Although from a business perspective, it can end up being ruinous competition like solar panels or airlines. A stable equilibrium with prices neither too low or too high isn't guaranteed; it depends on market structure.
It's anyone's guess whether this reaches an equilibrium or not, but I still expect that there will be companies like OpenRouter and Fireworks that offer inference at reasonable prices.
>Commoditization means there's price competition. From a consumer perspective, that's good. You want it to be a low-margin, high volume, competitive business.
You and I may want it to be a low-margin, high-volume business. But the valuations of OpenAI, Anthropic, and much of the rest of the AI industry are not based on that assumption. They are based on the assumption that there will be a couple of winners, like in the smartphone wars, and that those winners will be able to maintain good margins.
There are low-end and premium smartphones, with different profit margins. Similarly, it seems like open weights models and high-end models could co-exist?
I don’t think there’s any way of knowing what the market structure will be in the end.
> A given model has a shelf-life, which these days is measured in months, not years.
Not all new models are trained from scratch. ChatGPT 5.3 to 5.4 (and likely 5.5) was basically the same model, but probably trained a bit more, not a new model from scratch.
> The "someday" when frontier model providers can enjoy their current high inference margins without the burden of significant training costs is never going to arrive.
That is debatable. I believe the moat for the frontier model providers is the compute. At the level of 10 trillion parameters (that Fable/Mythos are rumored to have), you need serious compute to serve inference, and you also need serious compute to train. Will DeepSeek, Qwen, Kimi, GLM come up with a 10T new model anytime soon? I doubt that. People keep saying that the Chinese labs are catching up to the US big 3, and measured in months the gap is now only 4-6 months. I doubt a Chinese version of Fable/Mythos will be released in the next 12 months.

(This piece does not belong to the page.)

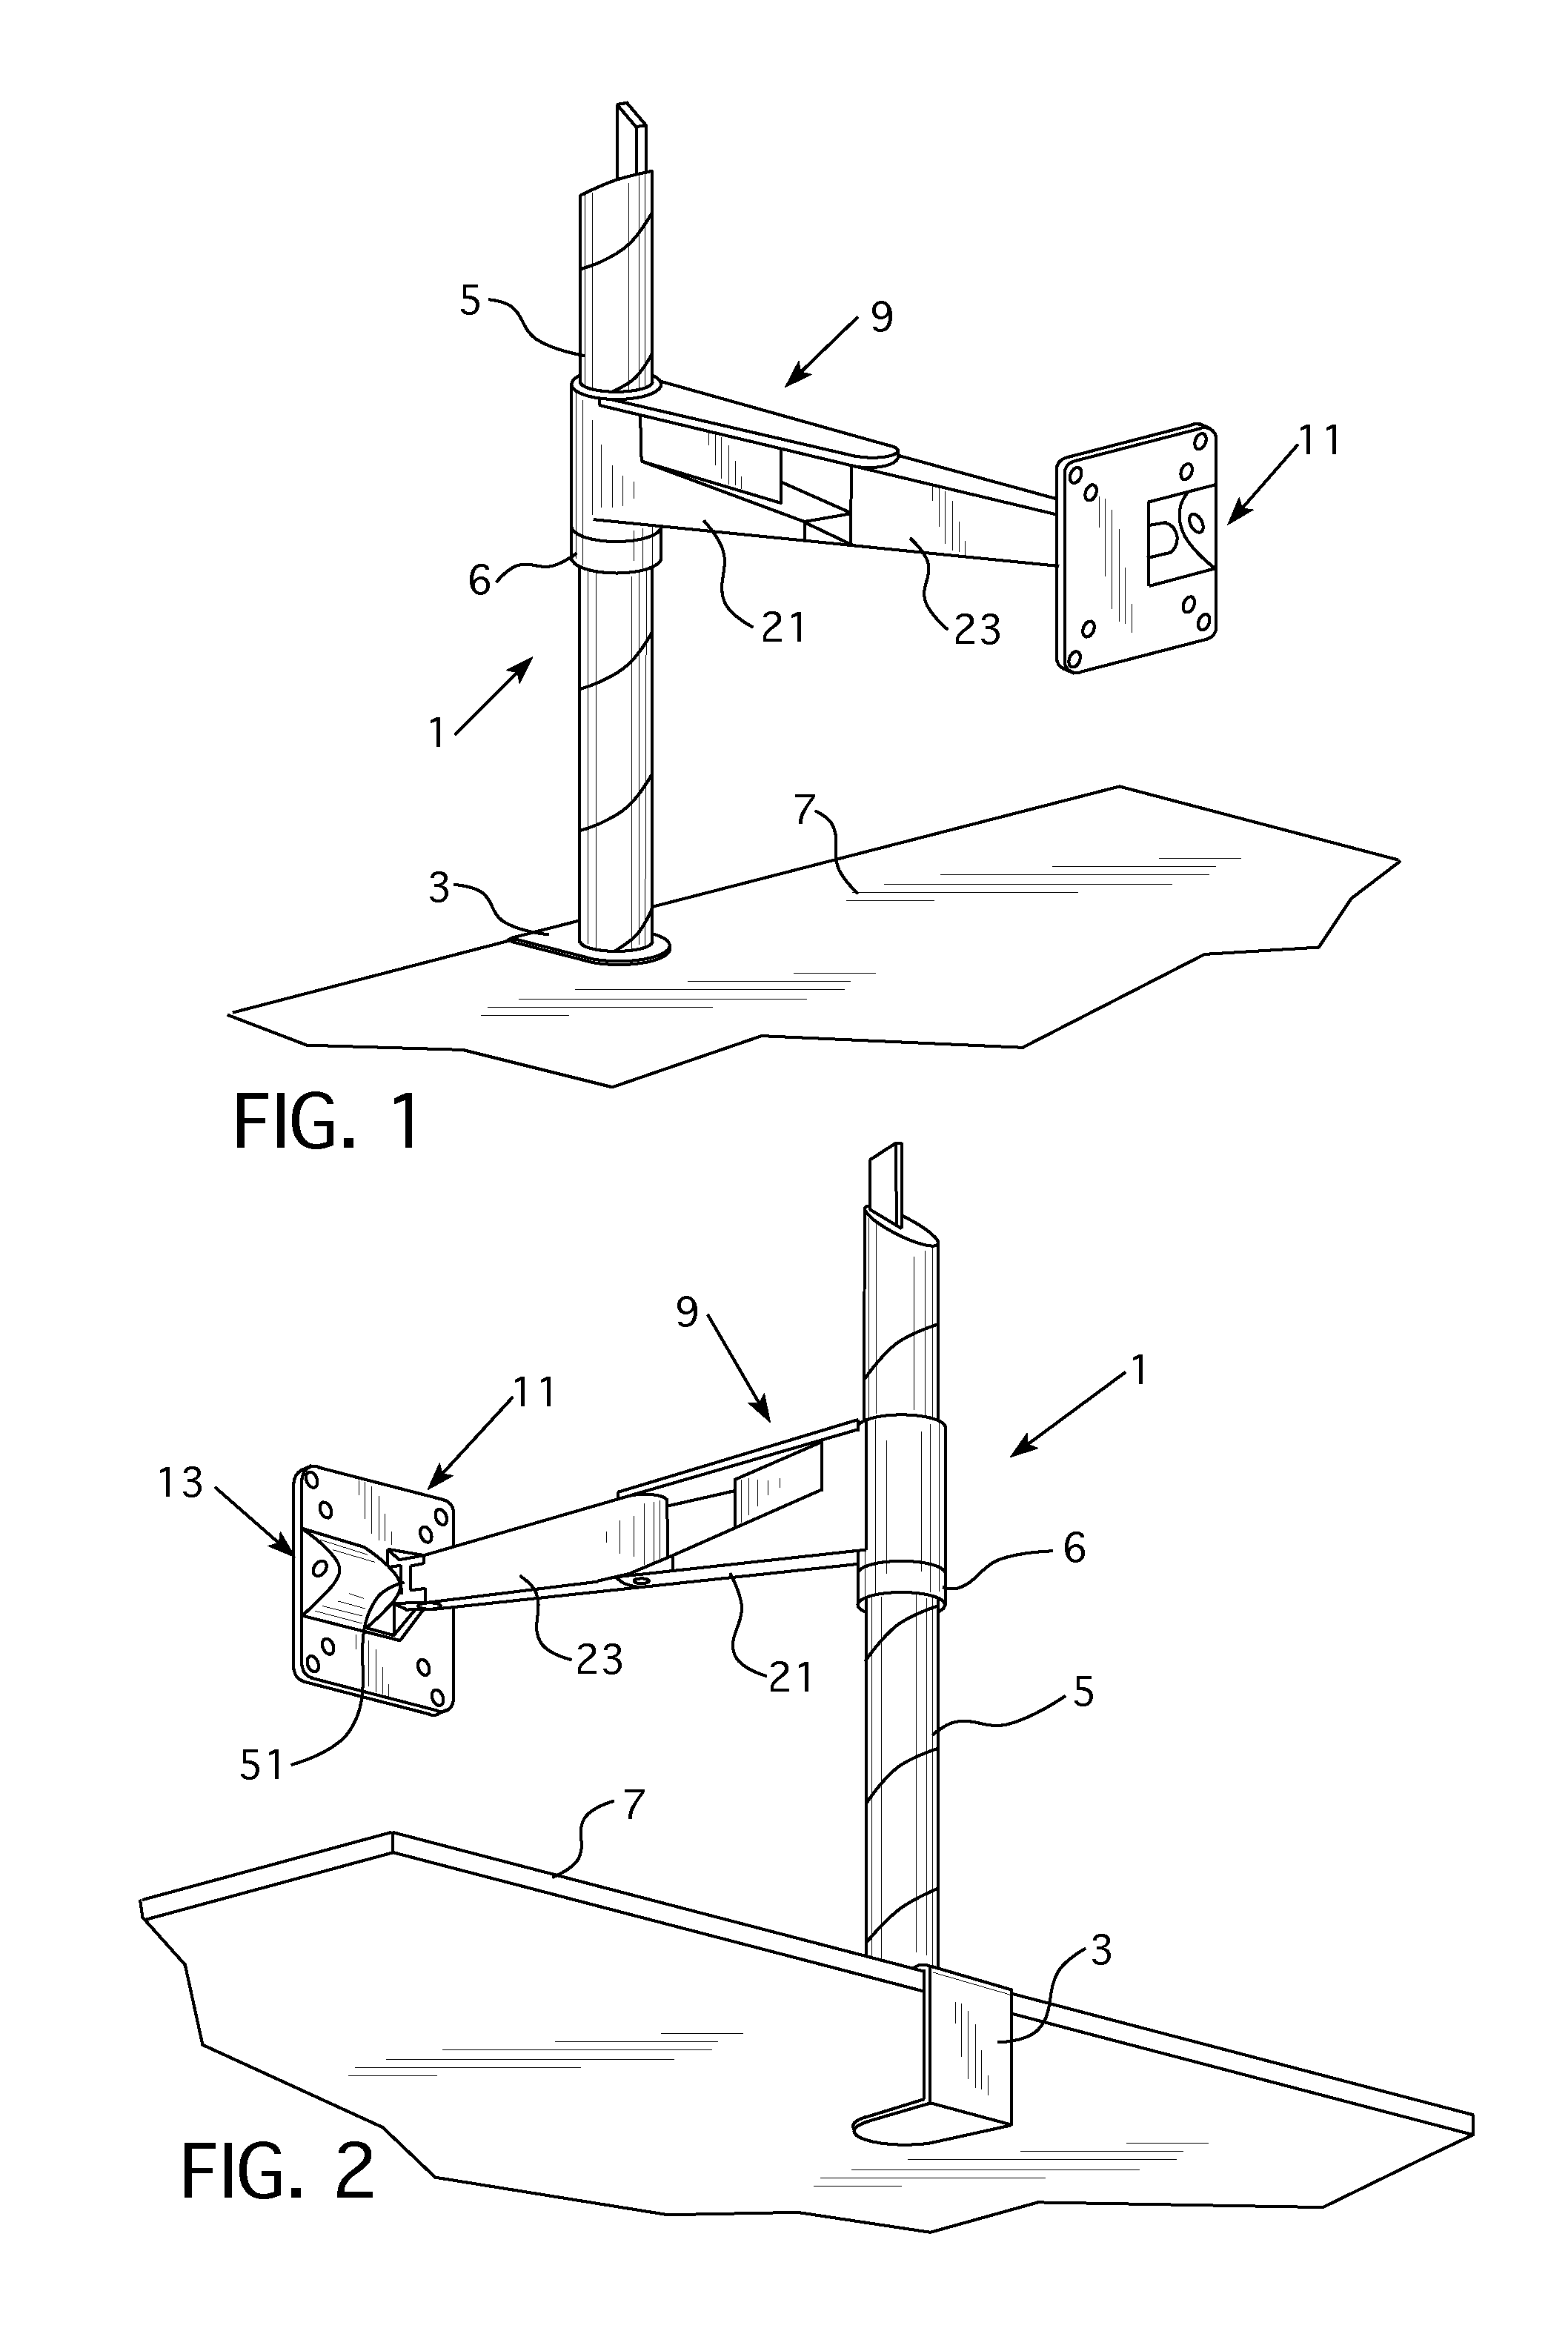 Friction adjustment mechanism for a support apparatus

How is this sustainable in the long run tho? Major enterprises are already making the headlines as they cut licenses and reduce token consumptions. The conversation is moving a lot toward return on token... is automating this activity with an agent giving me a higher return rather than having a human run it? Plus the advent of local AI and open source models are creating new opportunities to reduce token costs
Profitable on a per token basis is meaningless. Ed Zitron doesn’t argue that it is impossible to offer profitable inference, he argues that the business as it stands today is deeply unprofitable and only getting worse because it isn’t a high-margin inference business.
Play out the most likely pessimist’s scenario: LLMs are useful but frontier models are overkill so businesses just use dirt cheap open weight models on their own hardware and/or they rent hardware instead of paying per token. Then what for OpenAI and Anthropic?
OpenAI’s business collapses if customers are happy with an LLM that costs $0.10 per million tokens even if it only costs OpenAI $0.05 in inference per million tokens. The insane bonkers claim from Garry Tan that in 2 years we will be using 90,000x as many tokens as today is… well, obviously not true.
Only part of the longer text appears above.